- **Data provided**
[Start of section]

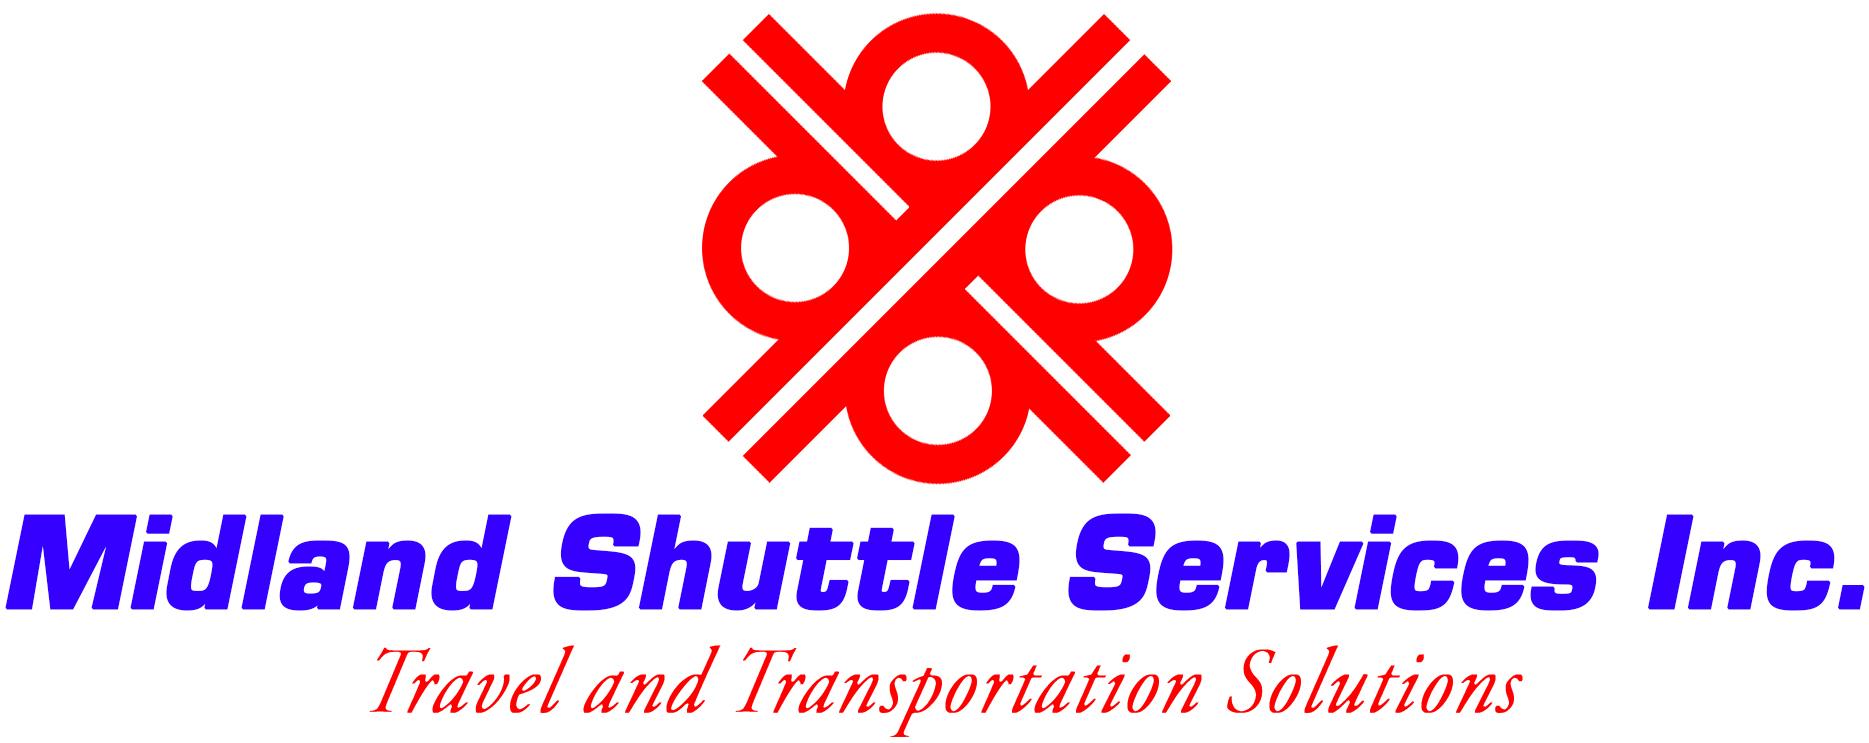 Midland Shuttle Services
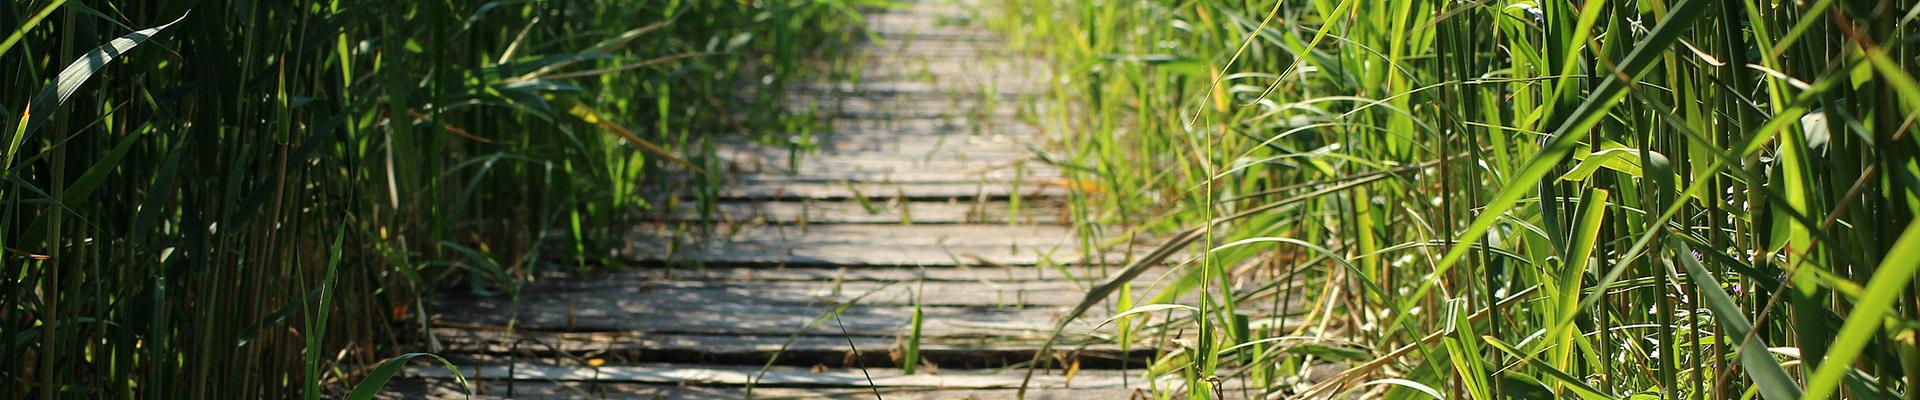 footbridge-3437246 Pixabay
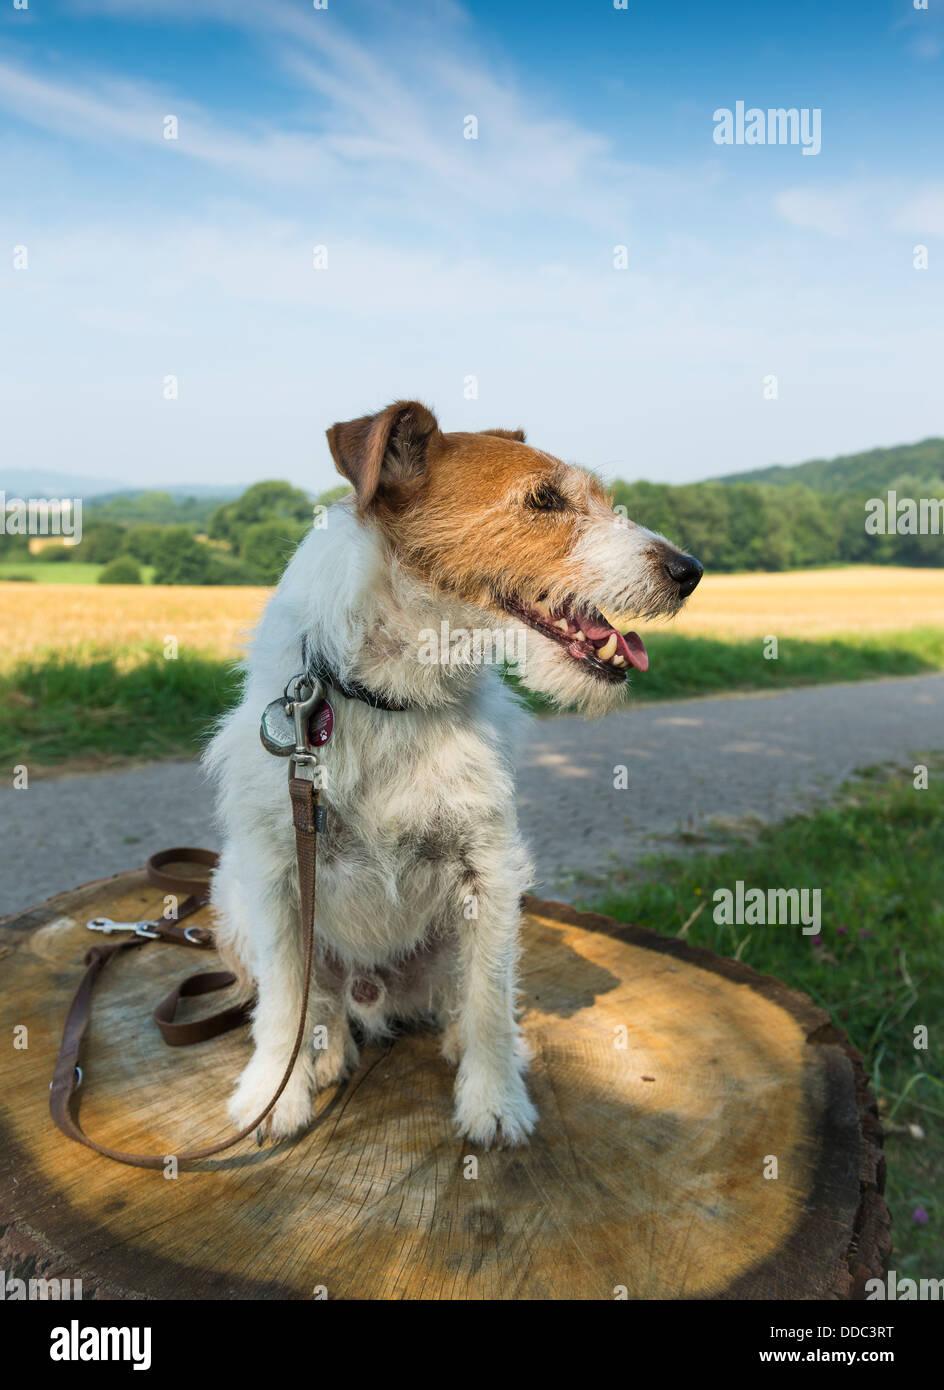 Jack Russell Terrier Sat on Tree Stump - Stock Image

[End of section]

Repeat all of the material above exactly, leaving out pictures.

 Midland Shuttle Services
 footbridge-3437246 Pixabay
 Jack Russell Terrier Sat on Tree Stump - Stock Image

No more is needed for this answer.